草芽在雨里挺直了腰,像无数双举起来的手。
驾驶舱里的电台突然发出刺啦一声,接着是女播音员带着颤音的播报:“紧急插播——我市东环大道与朝阳路交叉口发生严重地陷,初步估计塌陷面积约三百平方米,两辆7路公交车坠入深坑,伤亡情况正在核实……”
陈默的手指在操纵杆上猛地一紧,雨水顺着帽檐砸在仪表盘上,溅起细小的水花。
苏晴烟的手机还贴着耳朵,她刚挂断的电话里传来朋友的惊呼:“现场全是泥浆,公交车半截卡在坑里,老人小孩的哭声……”
“系好安全带。”陈默的声音像淬了冰的铁,挖机履带碾碎水洼的声响盖过了雨声。
苏晴烟看着他泛红的眼尾,想起昨夜他捧着父亲安全帽时的颤抖——十七年前的记忆正以另一种方式撕裂现实。
“卫星地图。”陈默扯过副驾的平板,指尖快速缩放着东环大道的三维模型。
苏晴烟凑过去,看见蓝色管廊标记在塌陷区下方延伸——那是去年刚完工的“惠民综合管廊一期”。
“施工方是……”陈默的拇指顿在屏幕上,“恒远建设?”
苏晴烟记得他提过,恒远是他出事前所在的公司,三年前他注销执业编号时,这家公司的资质就该被吊销。

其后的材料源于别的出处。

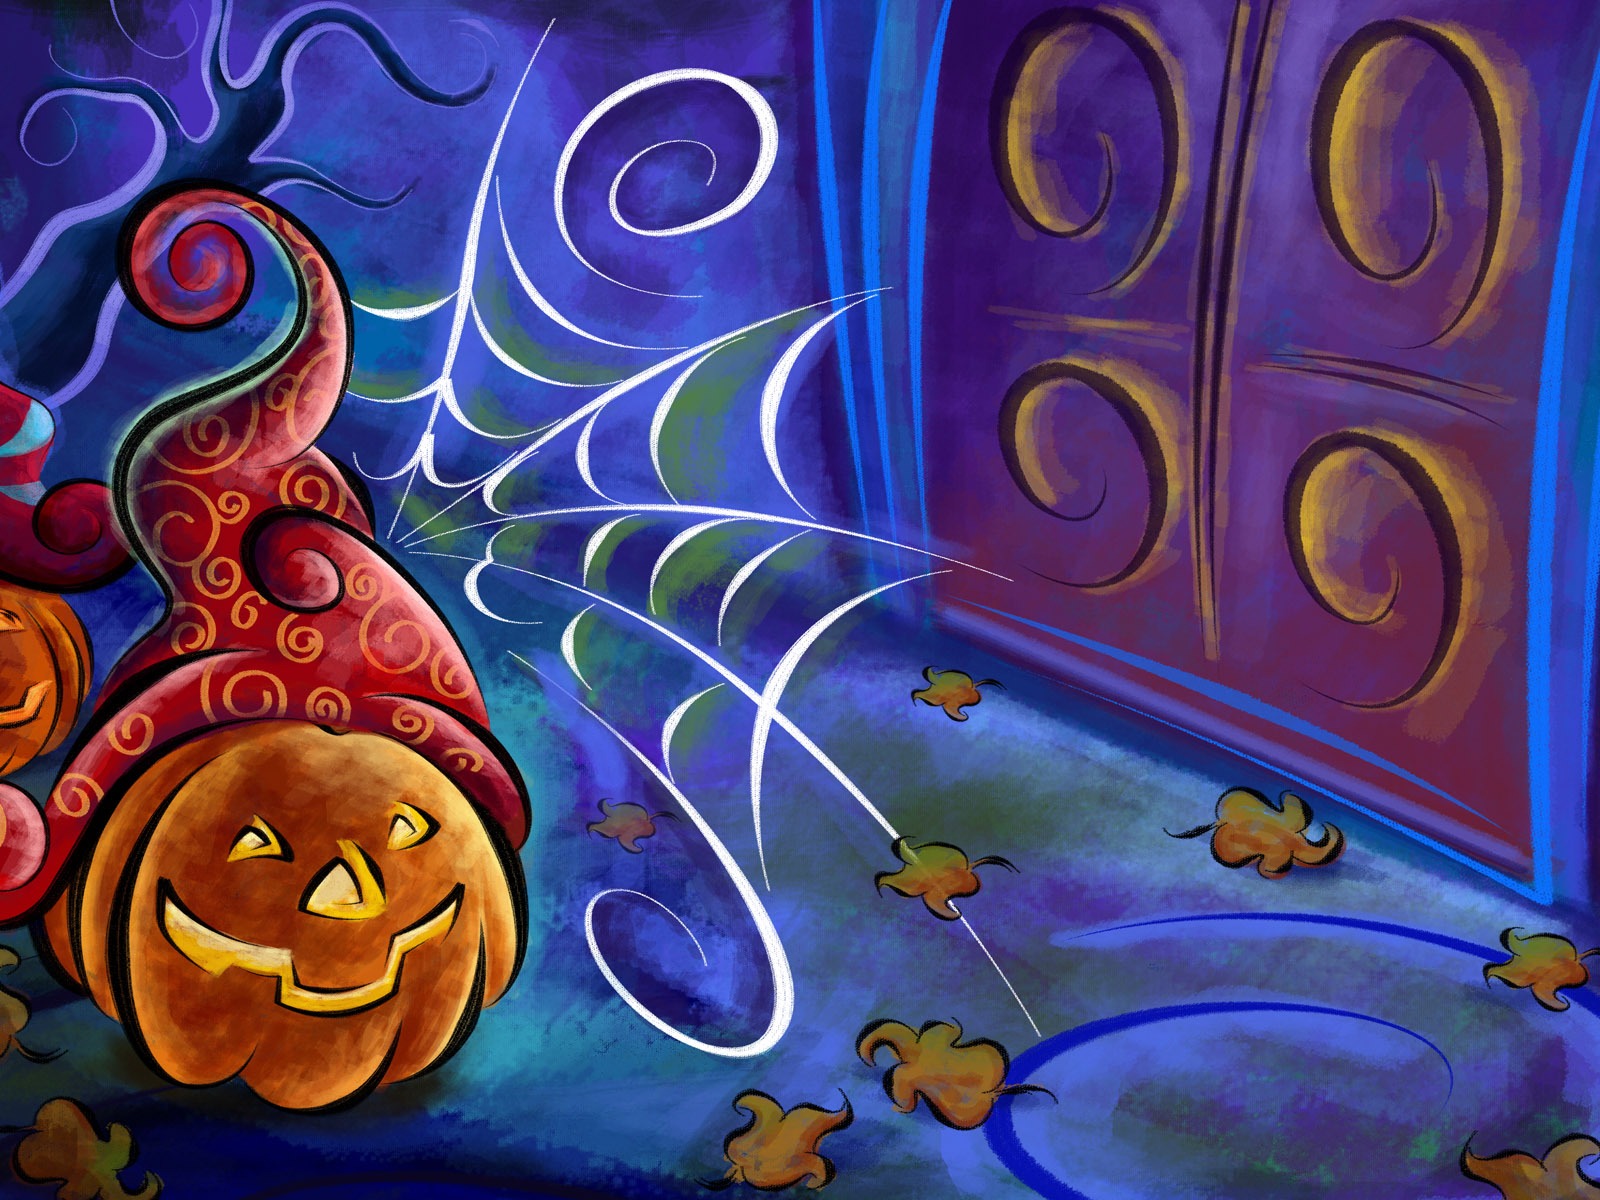 Fondos de Halloween temáticos (5) #16 - 1600x1200

“查工商信息。”他咬着后槽牙说,苏晴烟的手指在搜索栏翻飞,结果让两人同时倒抽冷气——恒远确实在两年前注销,但现在的施工方是“恒远建设(集团)第三分公司”,营业执照上的法人签章模糊得像团影子。
挖机在高速路口临时停靠时,陈默跳下车冲进工具箱。
苏晴烟举着伞跟在后面,看见他从最底层的铁盒里翻出本泛黄的工作证,封皮内侧盖着鲜红的技术审核章。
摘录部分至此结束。